А после второго звонка она еще трогательнее стояла на платформе, снизу глядя на него, стоявшего в дверях третьеклассного вагона, уже битком набитого и вонючего. Все в ней было прелестно, — ее милое, хорошенькое личико, ее небольшая фигурка, ее свежесть, молодость, где женственность еще мешалась с детскостью, ее вверх поднятые сияющие глаза, ее голубая скромная шляпка, в изгибах которой была некоторая изящная задорность, и даже ее темно-серый костюм, в котором Митя с обожанием чувствовал даже материю и шелк подкладки. Он стоял худой, нескладный, на дорогу он надел высокие грубые сапоги и старую куртку, пуговицы которой были обтерты, краснели медью. И все-таки Катя смотрела на него непритворно любящим и грустным взглядом. Третий звонок так неожиданно и резко ударил по сердцу, что Митя ринулся с площадки вагона как безумный, и так же безумно, с ужасом кинулась к нему навстречу Катя. Он припал к ее перчатке и, вскочив назад, в вагон, сквозь слезы замахал ей картузом с неистовым восторгом, а она подхватила рукой юбку и поплыла вместе с платформой назад, все еще не спуская с него поднятого взгляда. Она плыла все быстрее, ветер все сильнее трепал волосы высунувшегося из окна Мити, а паровоз расходился все шибче, все беспощаднее, наглым, угрожающим ревом требуя путей, — и вдруг точно сорвало и ее, и конец платформы…
VII
Давно наступили долгие весенние сумерки, темные от дождевых туч, тяжелый вагон грохотал в голом и прохладном поле, — в полях весна была еще ранняя, — шли кондуктора по коридору вагона, спрашивая билеты и вставляя в фонари свечи, а Митя все еще стоял возле дребезжащего окна, чувствуя запах Катиной перчатки, оставшийся на его губах, все еще весь пылал острым огнем последнего мига разлуки. И вся длинная московская зима, счастливая и мучительная, преобразившая всю жизнь его, вся целиком и уже совсем в каком-то новом свете вставала перед ним. В новом свете, опять в новом, стояла теперь перед ним и Катя… Да, да, кто она, что она такое? А любовь, страсть, душа, тело? Это что такое? Ничего этого нет, — есть что-то другое, совсем другое! Вот этот запах перчатки — разве это тоже не Катя, не любовь, не душа, не тело? И мужики, рабочие в вагоне, женщина, которая ведет в отхожее место своего безобразного ребенка, тусклые свечи в дребезжащих фонарях, сумерки в весенних пустых полях — все любовь, все душа, и все мука, и все несказанная радость.

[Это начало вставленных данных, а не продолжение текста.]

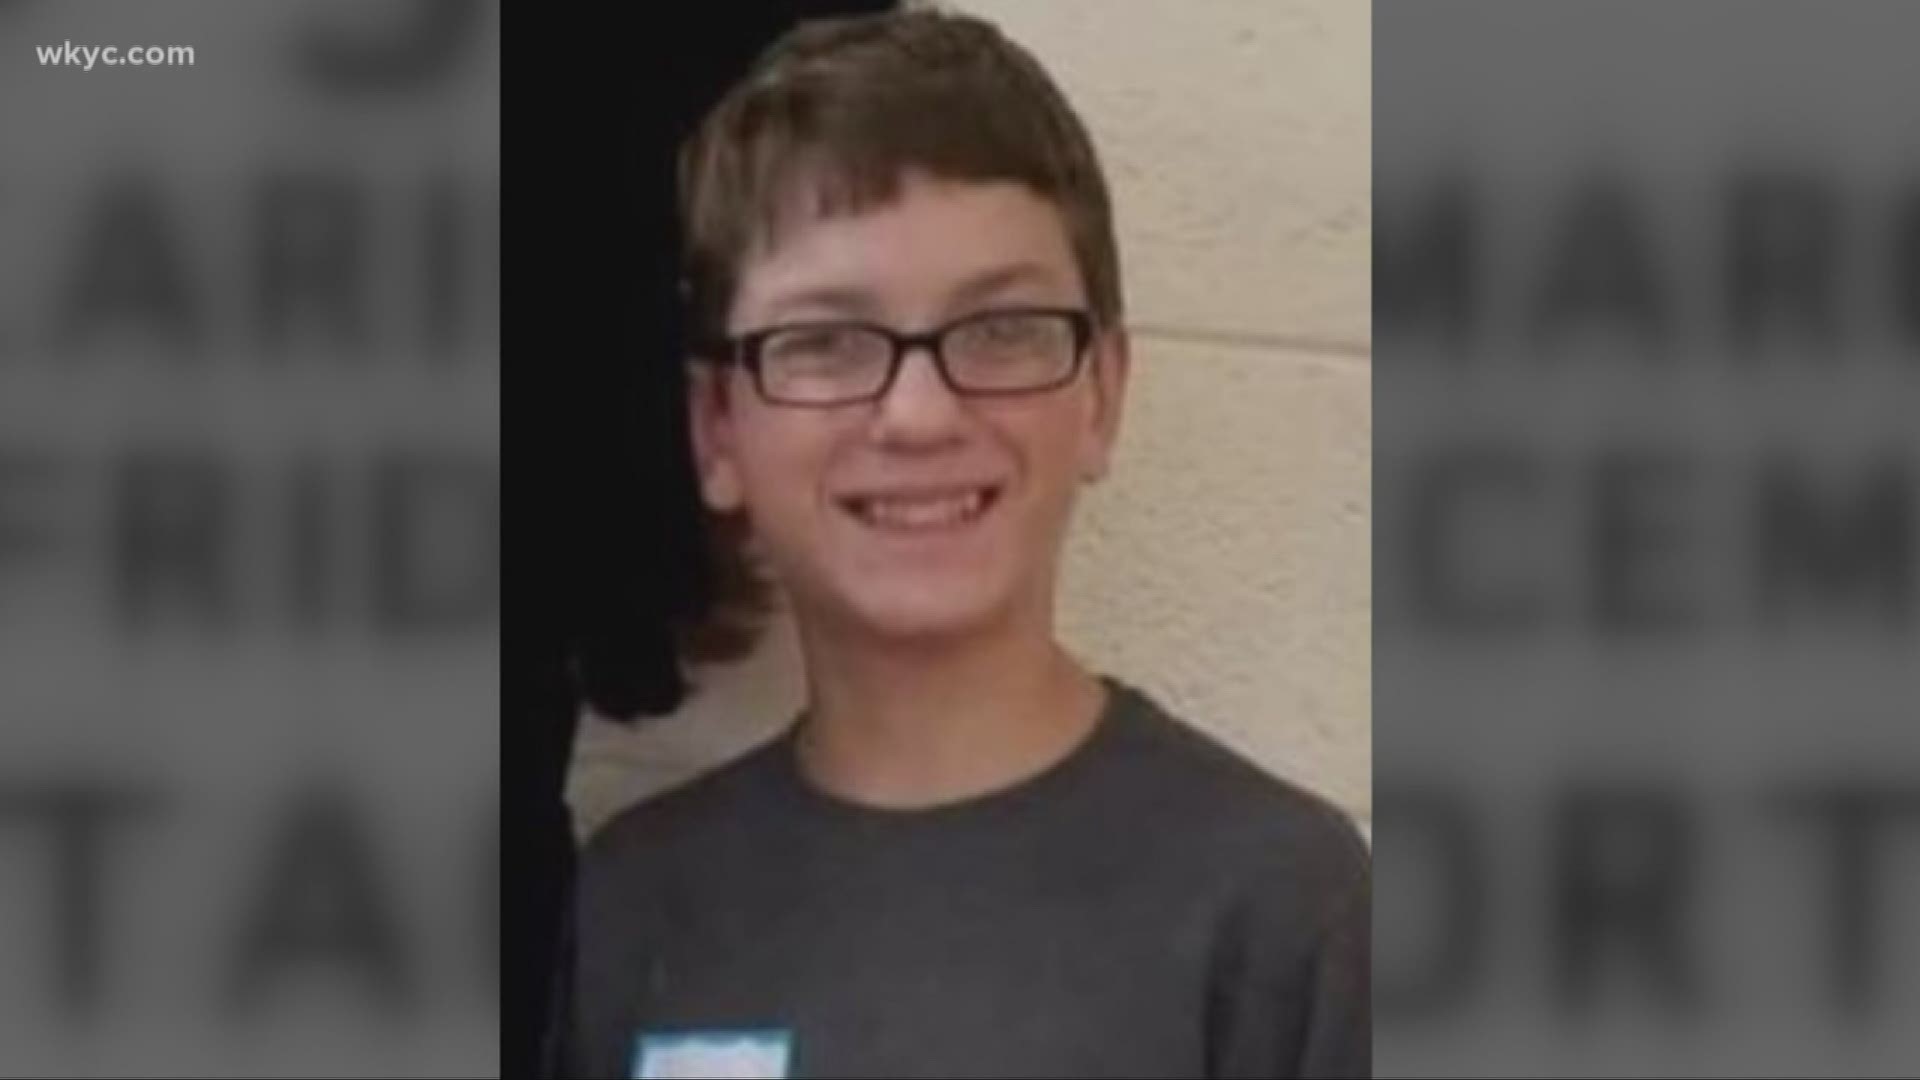 Police say they have no leads in the case of a missing Port Clinton teen. The reward for information to the discovery of Harley Dilly is $7,000.

Утром был Орел, пересадка, провинциальный поезд возле дальней платформы. И Митя почувствовал: какой это простой, спокойный и родной мир по сравнению с московским, уже отошедшим куда-то в тридесятое царство, центром которого была Катя, теперь такая как будто одинокая, жалкая, любимая только нежно! Даже небо, кое-где подмазанное бледной синевой дождевых облаков, даже ветер тут проще и спокойнее… Поезд из Орла шел не спеша, Митя не спеша ел тульский печатный пряник, сидя в почти пустом вагоне. Потом поезд разошелся и умотал, усыпил его.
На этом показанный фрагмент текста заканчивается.